A primer example of a metaheuristic approach to problem-solving is the field of evolutionary algorithms. These are computational strategies inspired by certain aspects of the biological process of evolution that attempt to extract key mechanisms that make evolution work and apply them in the context of, say, finding the optimal way to design a GPU.
The basic idea of all evolutionary algorithms is to maintain a "population" of solutions (e.g., different circuit designs for a GPU) that undergo cycles of “breeding” and “selection”, much like biological evolution. An example of a breeding scheme is taking two of these potential GPU designs and build a new design that incorporates some elements from either of the "parents". This creates a new solution that is, in some sense, an evolved version of previous solutions, which may make it better or worse.
Then, we apply some selection criteria, most often just evaluating the solutions on whatever problem you're solving—e.g., which GPU design works faster at certain benchmarks—and keep the best 50%. This cycle of breeding and selection is repeated, producing a sequence of increasingly specialized GPU designs that, almost like evolution, seems to magically discover quasi-optimal design elements just by sheer luck and relentless repetition.
Much more can be said about evolutionary algorithms and metaheuristics in general. Still, the overall idea is as simple as that: find effective search strategies that seem to work in almost all domains—finding inspiration in nature, engineering, social networks, etc.—and build computational strategies that leverage these insights.
What's next?
Searching is one of the three major problem-solving paradigms in AI and one of the most important topics in computer science in general.
The other two paradigms, learning, and reasoning, are two sides of one of the longest-standing open questions in AI: how important is domain knowledge versus general-purpose learning strategies. If you're interested in that topic—and who isn't, right?—you can check my series on the Foundations of Machine Learning. The first two articles are the most intuitive introduction you'll find around.
In future articles, we'll explore specific search algorithms that are really clever and can solve intractable problems very fast, albeit approximately, of course.

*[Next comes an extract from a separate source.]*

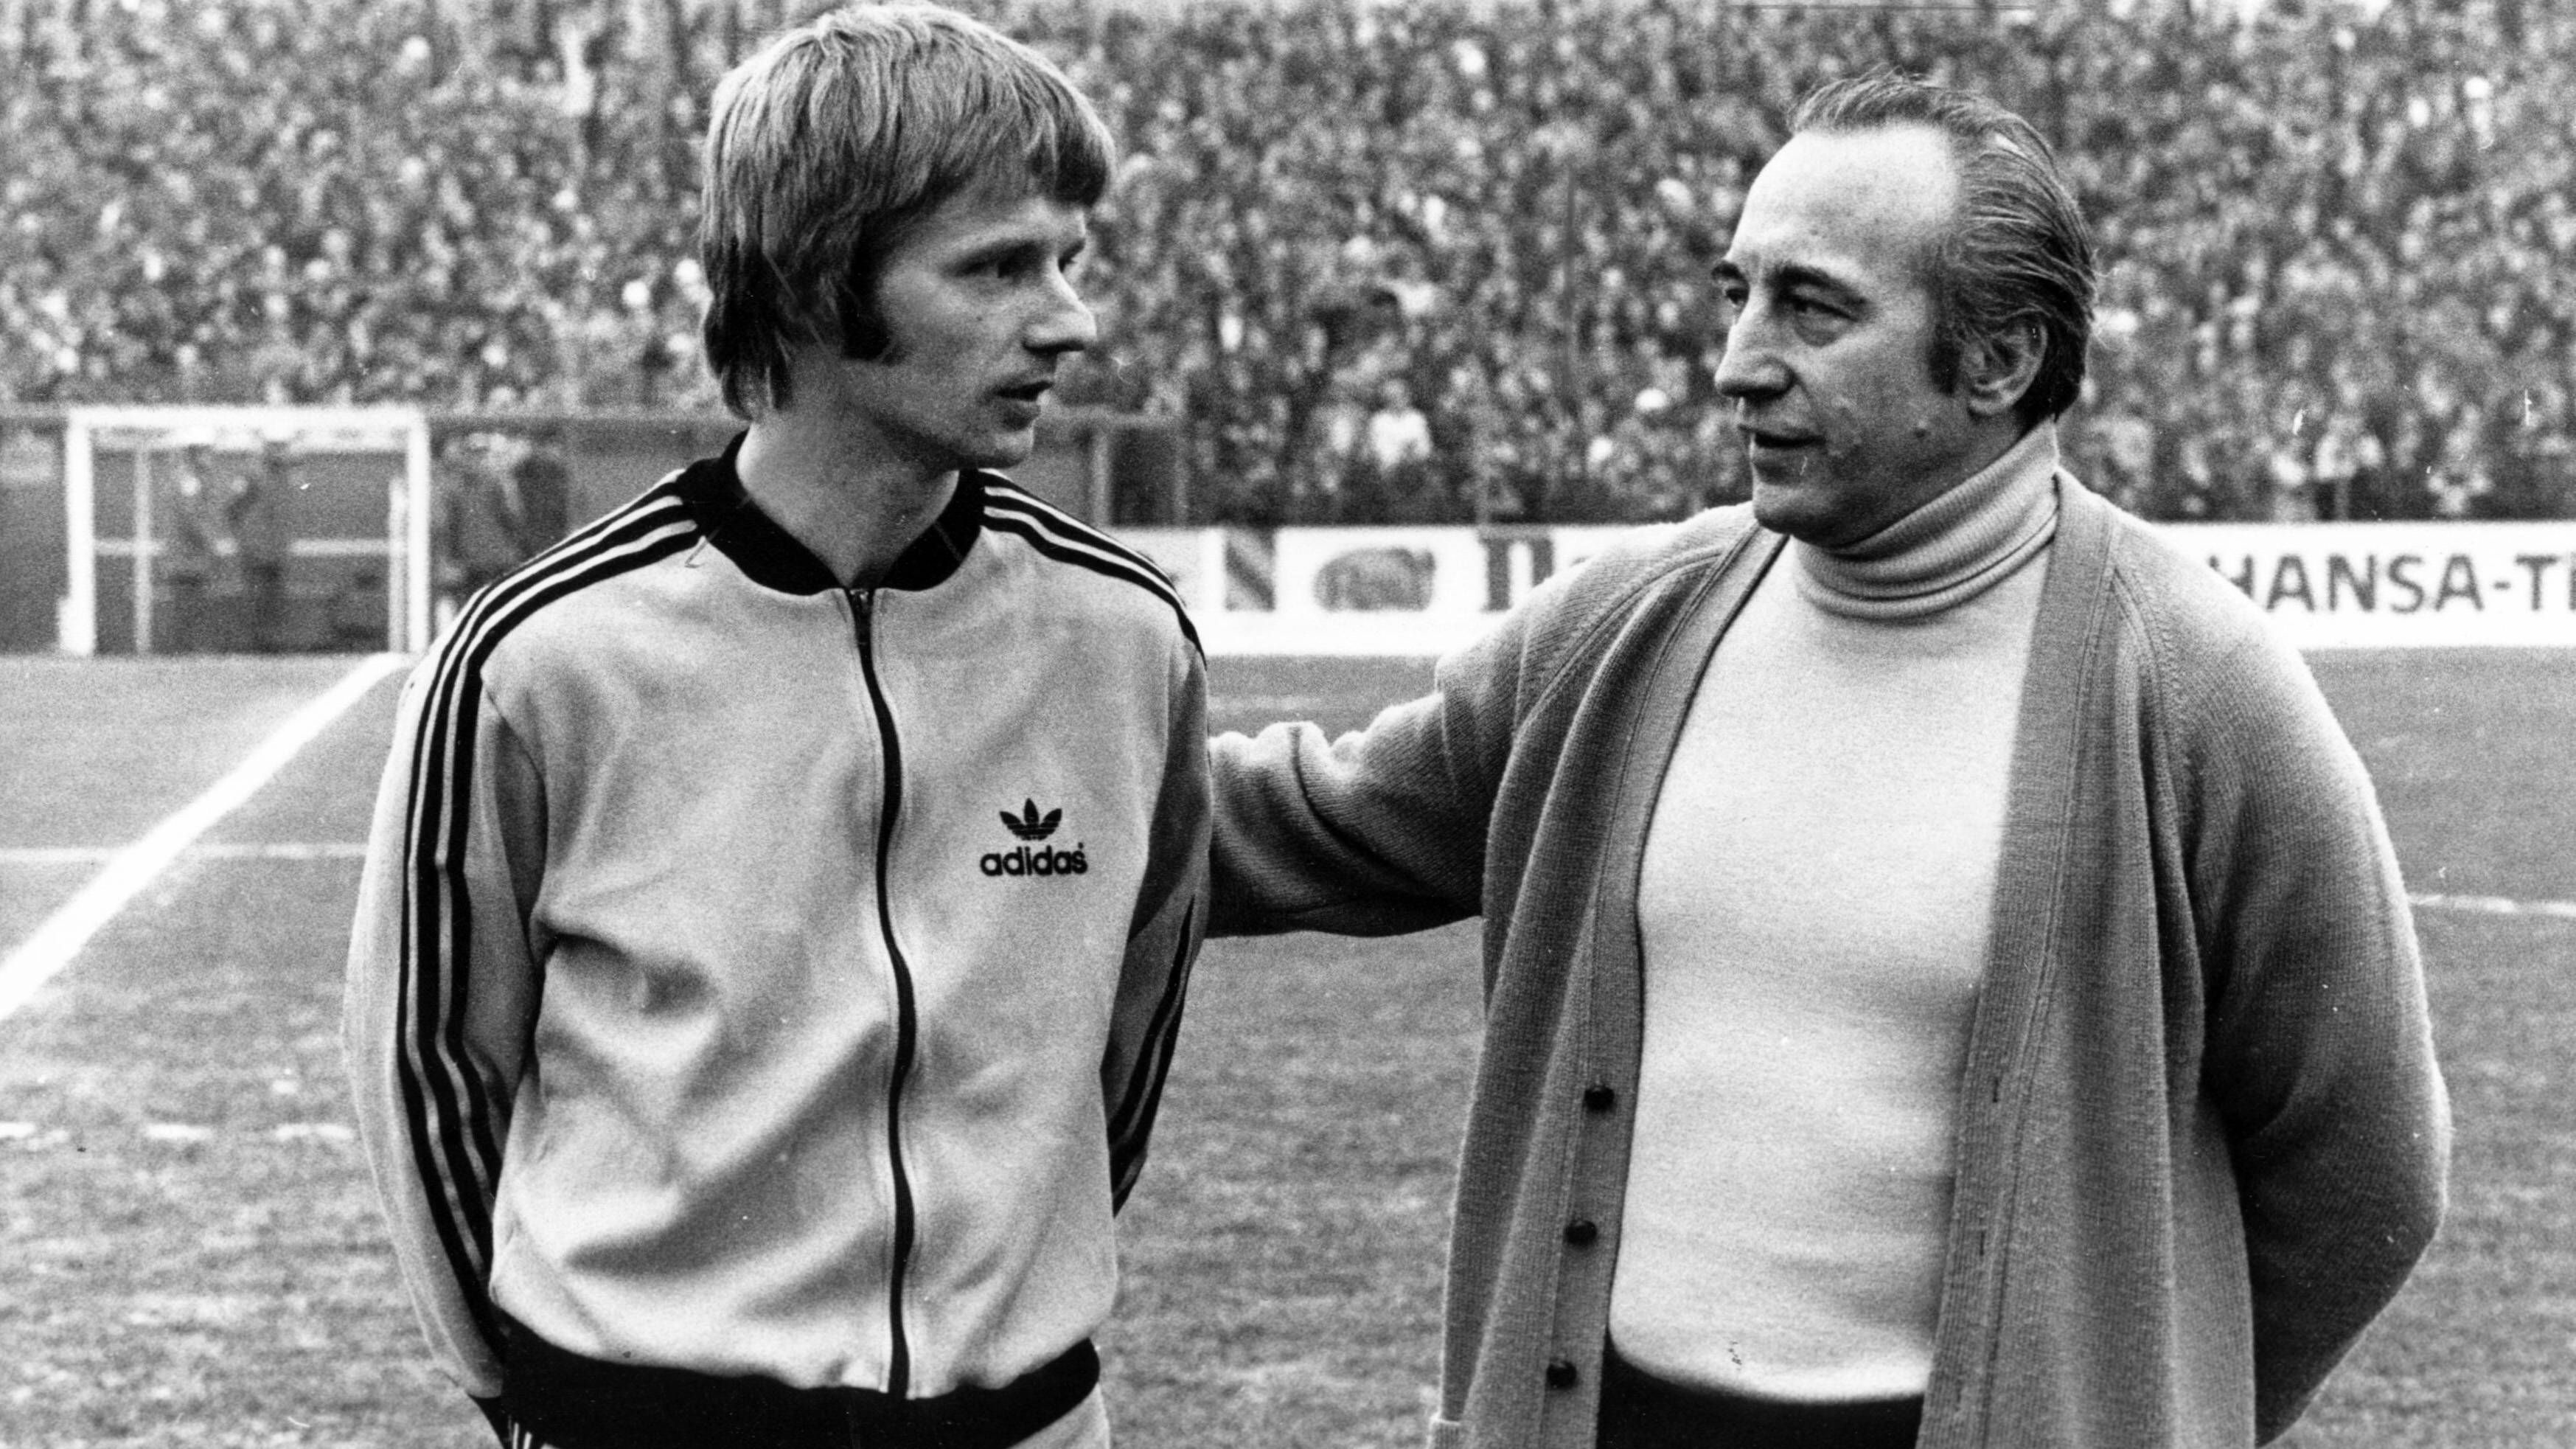 <strong>Platz 4. Horst Buhtz (rechts): 2,06 Punkte pro Spiel</strong><br><strong>Amtszeit beim BVB</strong>: 01.02.1976 - 14.06.1976<br><strong>Spiele als BVB-Trainer:</strong> 17 ( 12 Siege, 2 Unentschieden, 4 Niederlage)

The definition of “algorithm” is slightly more nuanced. You need a finite number of formally-defined instructions that are guaranteed to produce the correct output for any valid input and always finish in a finite number of steps. The caveat is that, as anyone who’s ever coded knows, you can have a finite number of instructions that take an infinite number of steps for some inputs (e.g., get stuck in a while loop). You could also conceivably have an infinite number of instructions but I have no idea if that’s useful.
We’re talking about sorting in the simplest sense here, given a finite set of objects and a total ordering function, finding a permutation of the objects that has zero inversions in that ordering.
By reliably, we mean that it always gives the correct solution. And by fast, we often mean a polynomial-time algorithm, but depending on the nature of the problem, some polynomial-time algorithms might also be impractical.
Again, there is space for nuance here. We have approximate algorithms for the TSP that are pretty fast, and we have exact and fast algorithms for some special cases. TSP is one of the most well-studied problems in Computer Science, so there’s a lot of progress in practical solutions. However, the theoretical bound still holds, no general-purpose solution works in polynomial time for all instances of TSP.
Left as an exercise for the math-savvy reader: proof that indeed log(n!) = O(n log n).
Thank you very much for these explanations Alejandro. For those without a background in computer science, not only can these things finally find an easy explanation, but they are also fascinating to read! I look forward to reading the next parts of this introduction to AI.